There are no reports of allergic reactions or side effects related to the injection of radioactive solutions. The radiation exposure from the test is very small (equivalent to that of several chest x-rays) and not associated with any significant health risk.

If you are pregnant or think you may be pregnant, you must let us know right away. Alternative testing may need to be arranged.

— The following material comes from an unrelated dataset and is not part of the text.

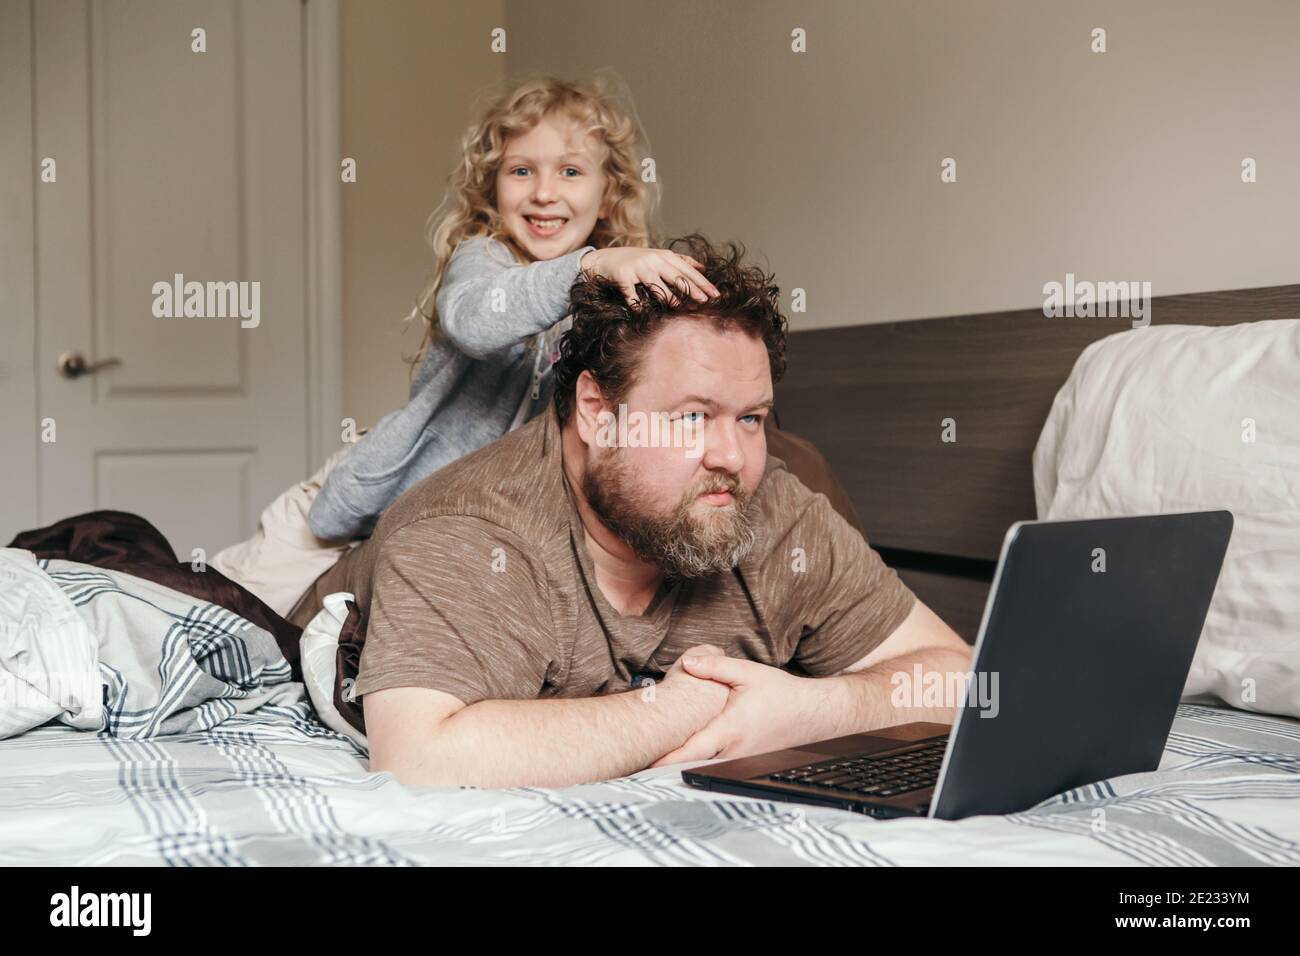 Work from home with kids children. Father working on laptop in ...

What happens after stress testing?

If you drive, you should be able to drive yourself back home unless instructed otherwise.

If you are a patient of MVHI, you will have a follow-up appointment to go over the results of the test. If you were referred to us only for the stress test, then the results of the test will be conveyed to your referring provider, who will then go over your testing results.